Mannahouse Church (formerly City Bible Church) is a non-denominational Christian megachurch located in Portland, Oregon, U.S. Their five campuses have six English services, three Spanish services, one Burmese service and multiple other international groups. Their Rocky Butte Campus serves as their headquarters. Mannahouse Church is Nondenominational and is not connected with or a part of any particular denomination.

History 
The church started as a group of 13 people in 1951. The church grew rapidly, soon starting a Bible college, tape ministry, a Christian school and a Publishing house. In 2003, a second campus was opened in Tigard, soon followed by campuses in Vancouver, Washington and Downtown Portland and then a church they had planted in Eugene, Oregon became a campus. In 2018, the church changed its name from City Bible Church to Mannahouse Church to "better reflect the role that God has called us to in our time and culture."

Beliefs 
Mannahouse is a Trinitarian, Evangelical church.

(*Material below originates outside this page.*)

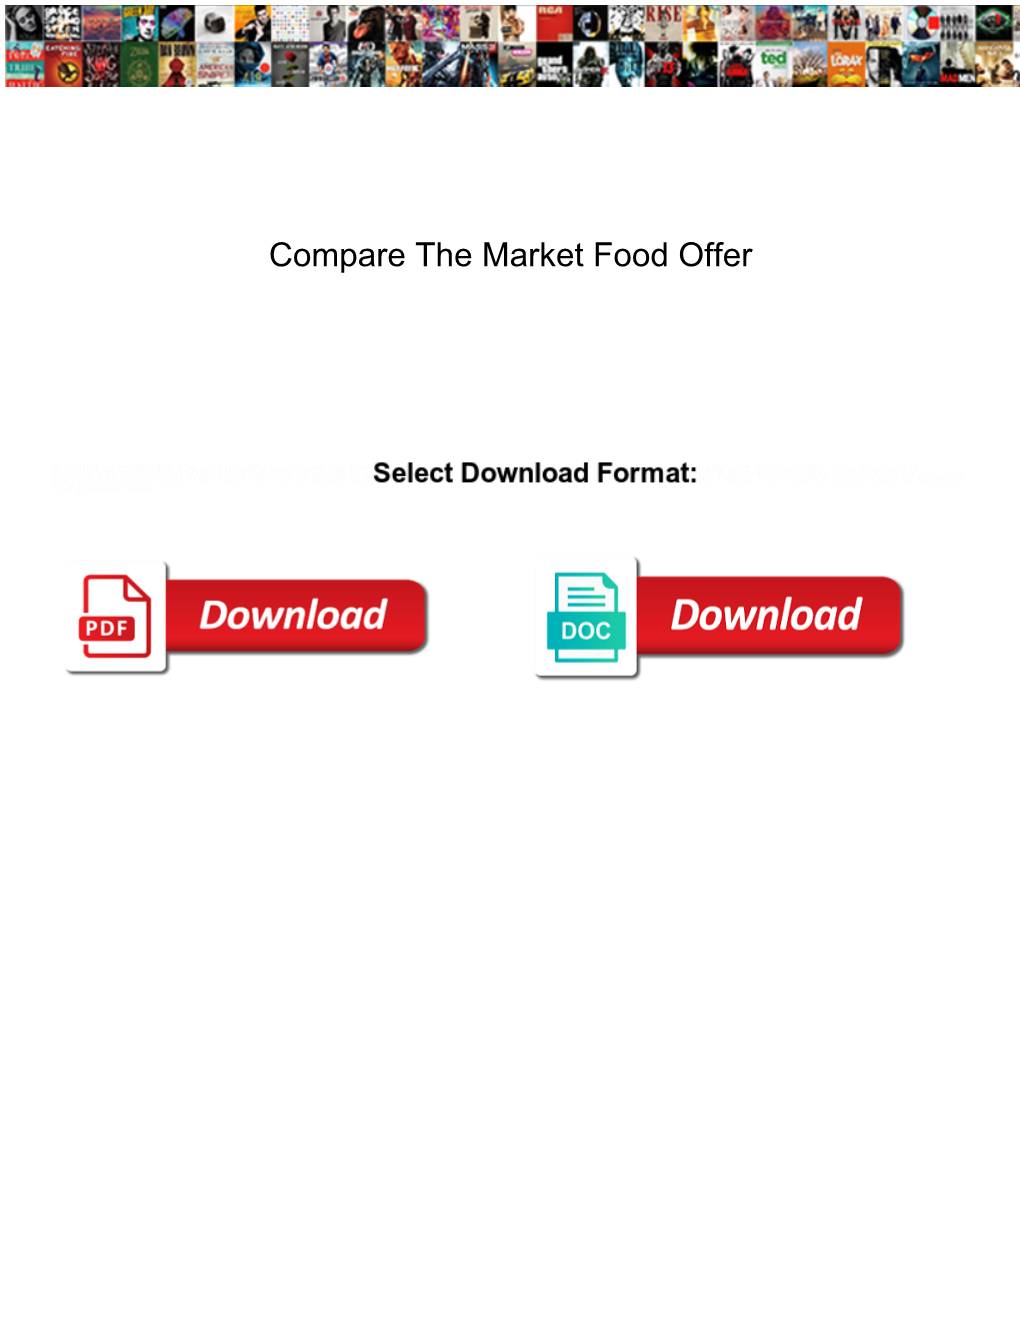 Compare the Market Food Offer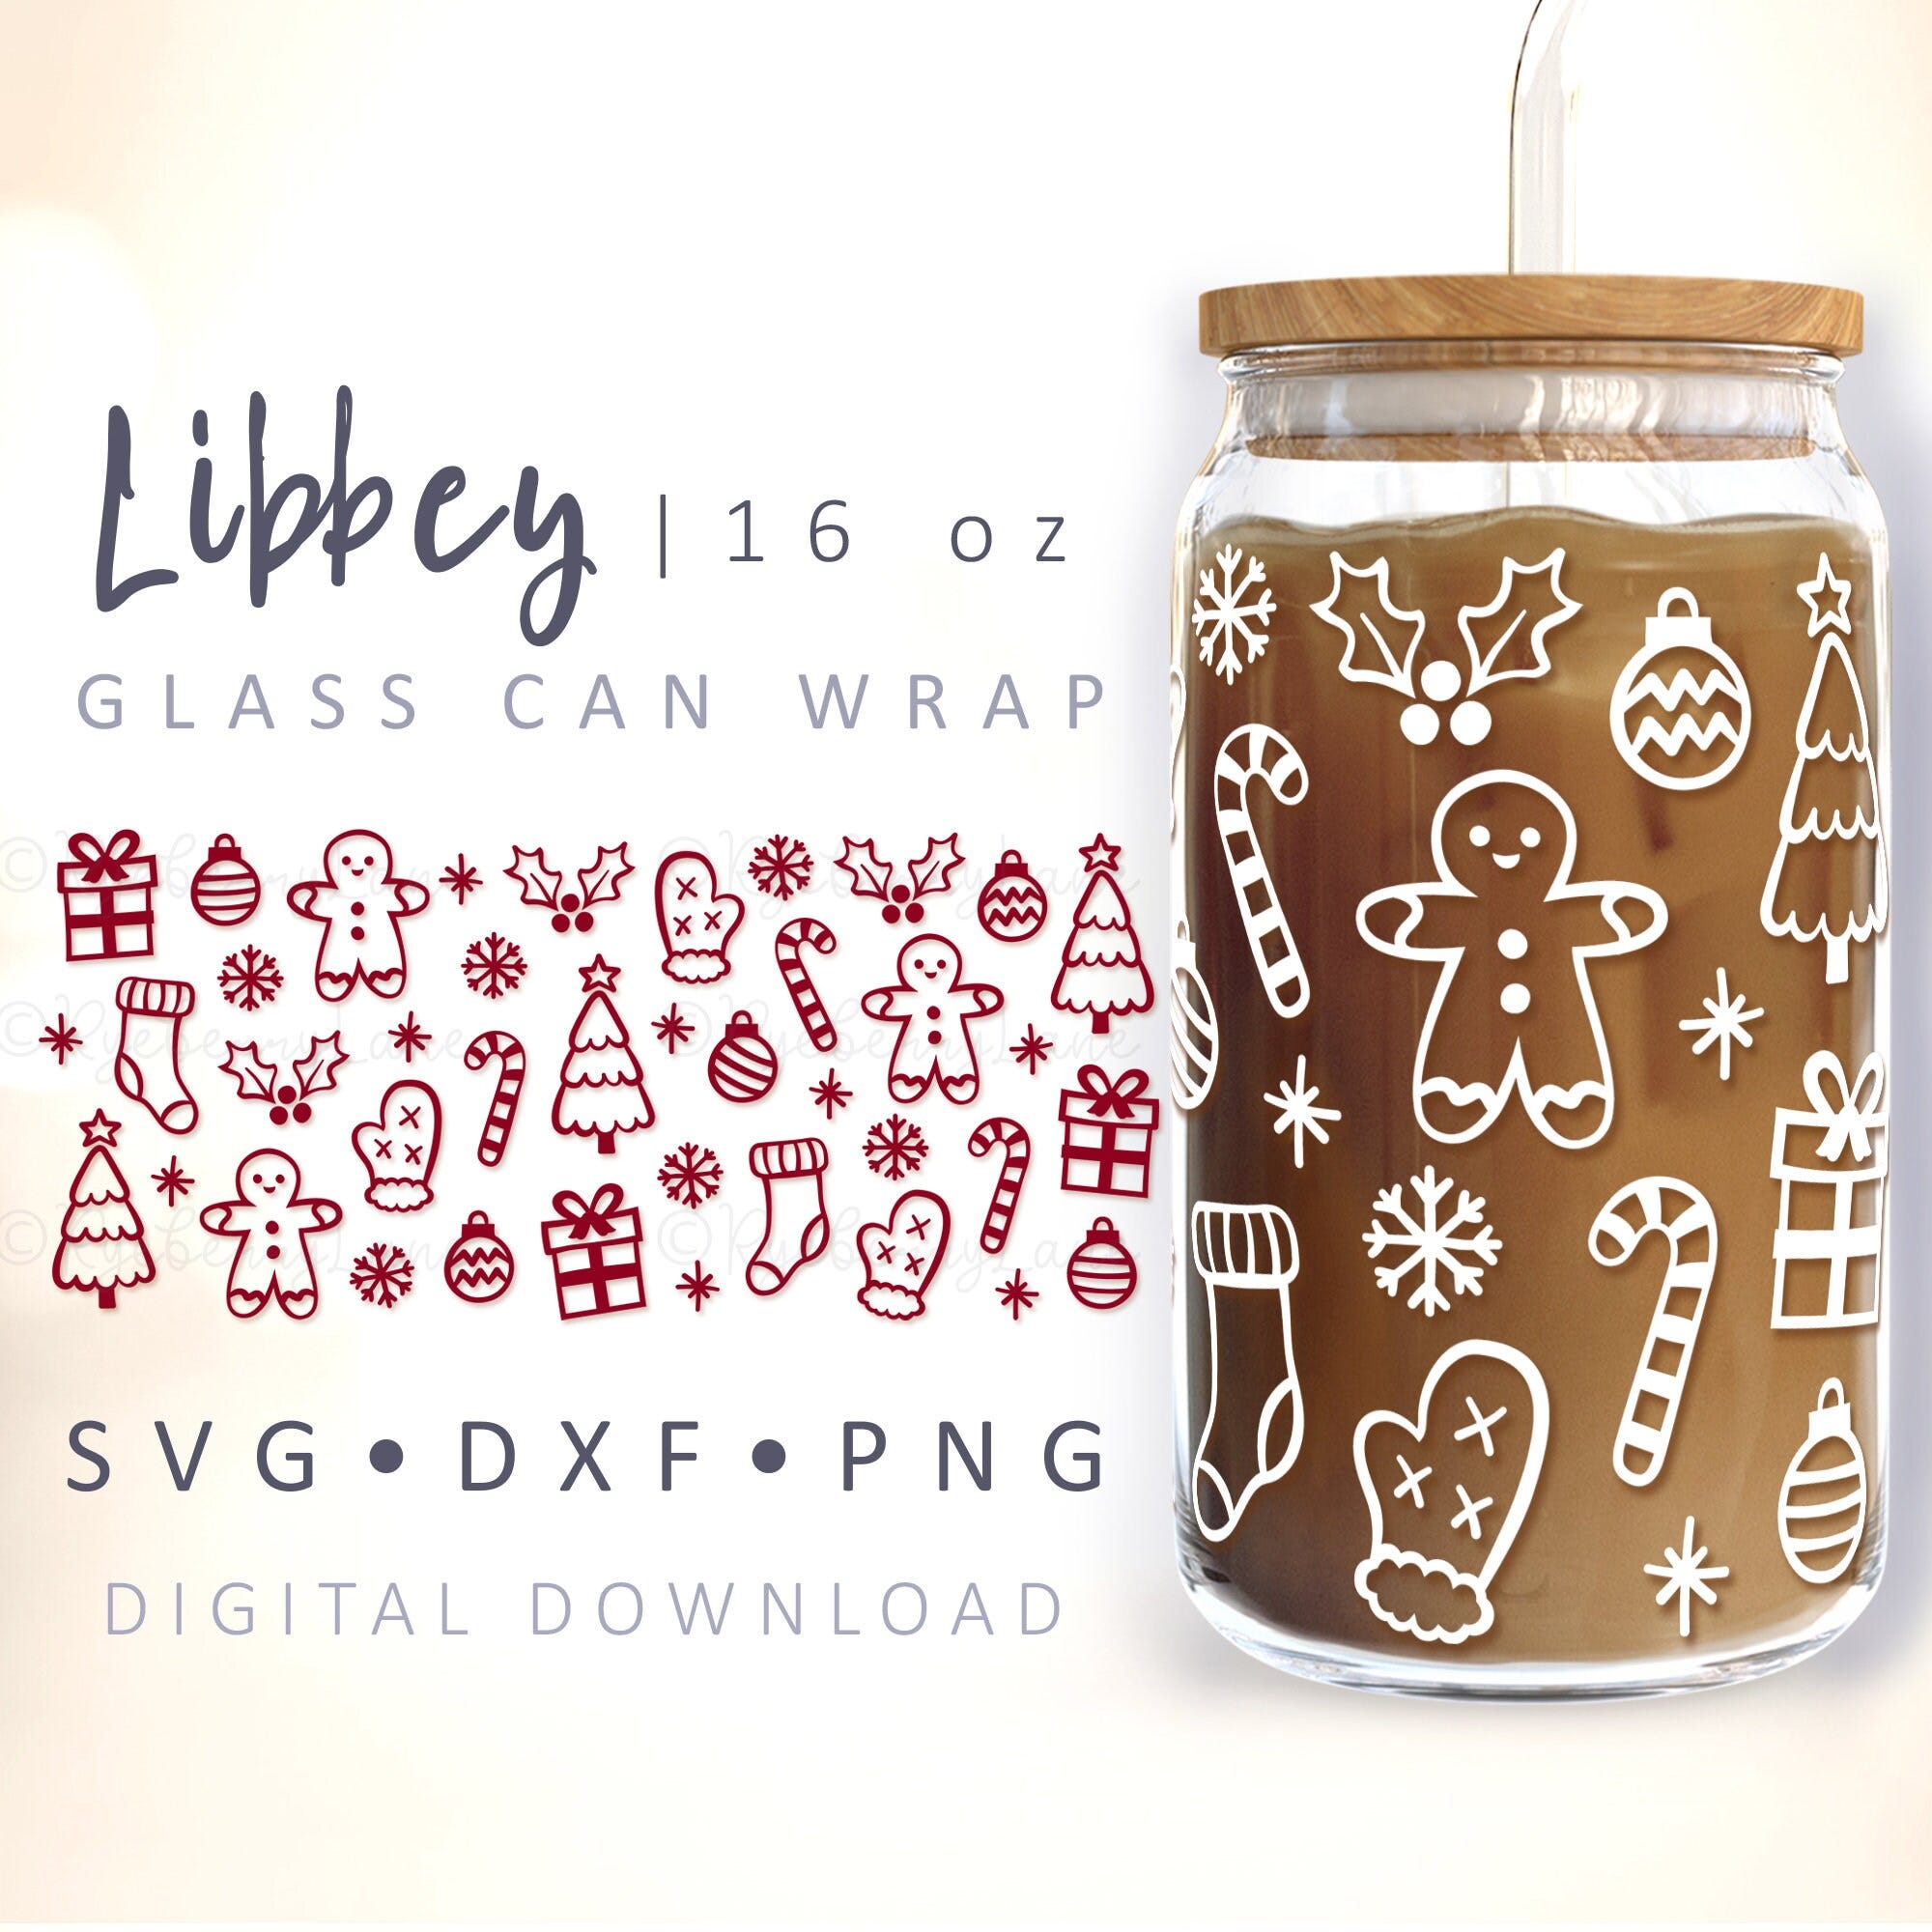 Christmas Can Glass Wrap SVG Gingerbread Glass Stockings Snowflakes Holly Candy Canes Minimalist Trees Hand Drawn 16 oz Libbey Wrap Cut File

Some specific beliefs include the following:

 Baptism by immersion
 Biblical infallibility
 Traditional marriage
 Spiritual gifts
 Divine healing
 Communion (The Lord's Supper)

They also believe in Church autonomy and believe that Presbyterian polity with a lead pastor "who all qualify on the basis of 1 Timothy 3 in spiritual life, character, domestic life and ruling ability," is the correct way of church governance.

Church Organization

Ministries 

 Children's Ministry
 Youth Ministry
 Young Adults Ministry
 Senior's Ministry

Music 
Mannahouse Worship is a creative community at Mannahouse that express worship to Jesus through music and diverse types of arts.

Livestream 
Mannahouse Church offers a livestreamed service at 10:00am from their Rocky Butte Campus.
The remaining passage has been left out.